Brigitte Macron, Michelle Obama ou Jacinda Ardern... Ces femmes de pouvoir ont en commun d'avoir été victimes dans leur pays de fausses informations au sujet de leur identité de genre ou leur sexualité, visant à les moquer, voire les humilier.
La Première ministre néo-zélandaise Jacinda Ardern et l'ex-Première dame américaine Michelle Obama avaient elles aussi été ciblées par des rumeurs prétendant qu'elles étaient nées assignées homme, en 2017 et 2018.
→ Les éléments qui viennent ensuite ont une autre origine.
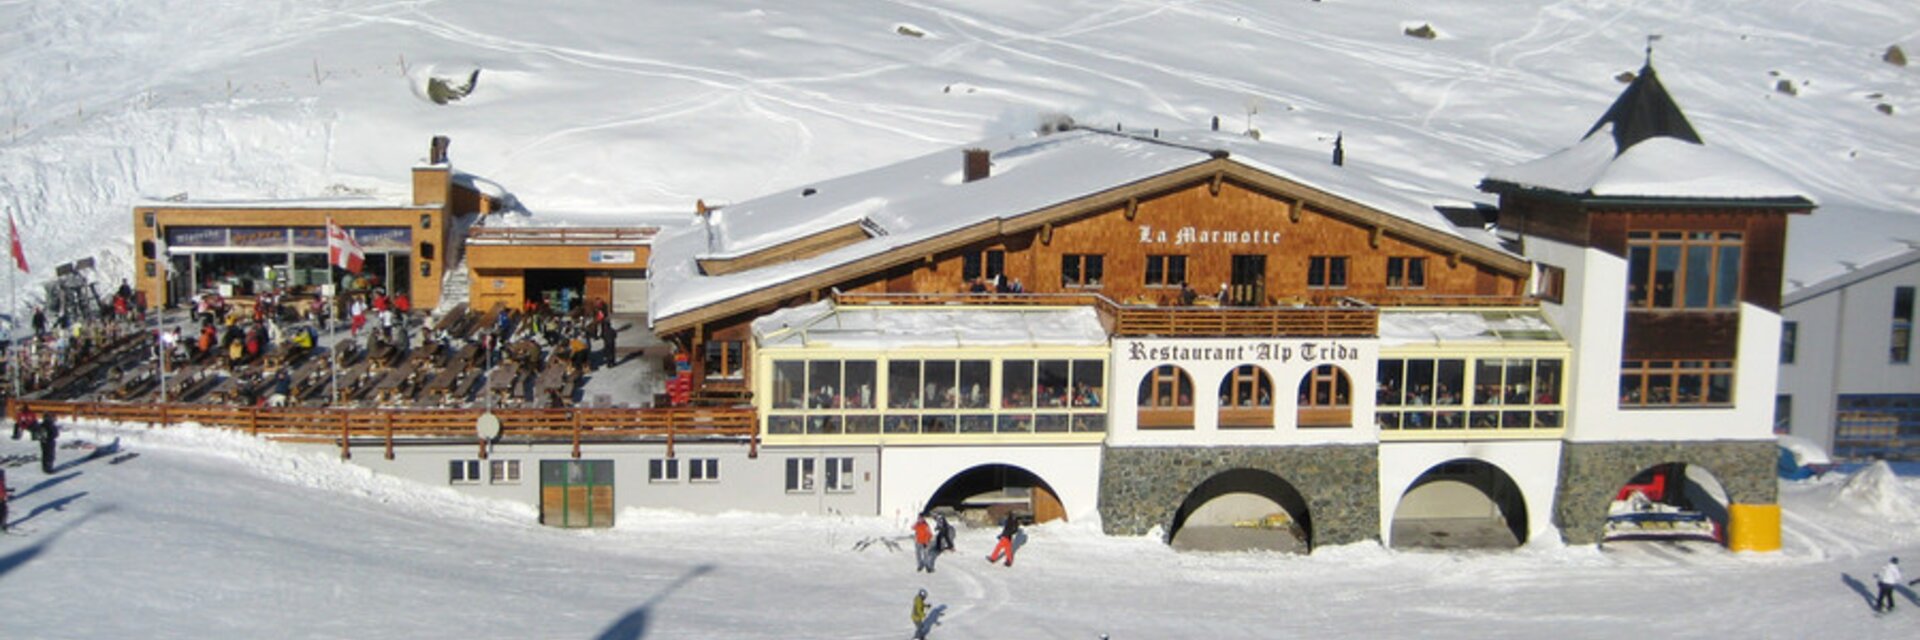 Bergrestaurant Alp Trida

Ces rumeurs se répandent comme une traînée de poudre sur internet. Et peu importe que personne ou presque ne croit que Brigitte Macron soit une femme transgenre, elles ouvrent la porte aux insultes, aux dénigrements voire au cyberharcèlement.
A l'image de ces assauts répétés subis par ces femmes puissantes, cette "désinformation genrée" touche en réalité une population plus large composée de femmes, de minorités sexuelles ou de genre engagées dans la vie publique à différentes échelles de responsabilités.
Ces contenus les prenant pour cible visent à "les réduire au silence et les évincer de la sphère politique", selon Lucina Di Meco, militante féministe et cofondatrice de #ShePersisted, une initiative mondiale pour lutter contre cette désinformation.
Ces rumeurs ont un "impact dans la vie réelle", souligne Marylie Breuil, membre du collectif féministe français Nous Toutes, engagé notamment contre les violences sexistes, sexuelles ou économiques.
A cause d'elles, "la personne qui s'expose publiquement peut voir sa carrière être totalement défaite", un phénomène souvent accompagné par un harcèlement en ligne voire hors ligne.
En 2013, une rumeur selon laquelle elle avait dansé en sous-vêtements à la télévision a valu à Laura Boldrini, ex-présidente de la Chambre des députés italienne, des milliers d'insultes sexistes, des menaces de viol et des montages pornographiques.
Intidhar Ahmed Jassim, candidate aux élections parlementaires en Irak début 2018, dut renoncer à se présenter, harcelée par des internautes qui ont prétendu la reconnaître dans une sextape.
En empêchant ou en décourageant ces femmes de participer à la vie publique, la désinformation genrée contribue à "l'érosion des institutions démocratiques", considère Lucina di Meco, de #ShePersisted.
En véhiculant des stéréotypes, cette forme de désinformation "dit des choses de ce qui est perçu comme non-conforme par rapport à un modèle hétéronormatif classique", analyse Réjane Sénac, directrice de recherche CNRS à l'Institut d'études politiques de Paris.
Dans le cas des rumeurs sur Brigitte Macron, la transidentité est utilisée comme un "véhicule" pour "fracturer la réputation de quelqu'un qui a une position de pouvoir dans la hiérarchie sociale", ici Emmanuel Macron, selon Maud-Yeuse Thomas, anthropologue et cofondatrice de l'Observatoire des transidentités.
Faire courir ces rumeurs sur une transidentité ou une homosexualité supposées renforce la stigmatisation des personnes LGBTI+.
En accusant Mme Macron d'une "masculinité cachée", ceux qui propagent cette rumeur utilisent la transidentité qu'ils considèrent comme une humiliation, analyse Marie-Joseph Bertini, professeure en sciences de l'information et la communication à l'Université Nice Sophia Antipolis
Mais ils en profitent aussi pour réactiver un soupçon que sa relation avec M. Macron "cache forcément" une homosexualité qui rappellerait la rumeur ayant circulé à ce sujet pendant la campagne présidentielle de 2017.
Au-delà des personnes influentes qu'elles visent, ces campagnes de désinformation contribuent très probablement "à l'augmentation, ces dernières années, des crimes haineux signalés contre les personnes LGBTI+ en Europe", alertait en juillet le Parlement européen.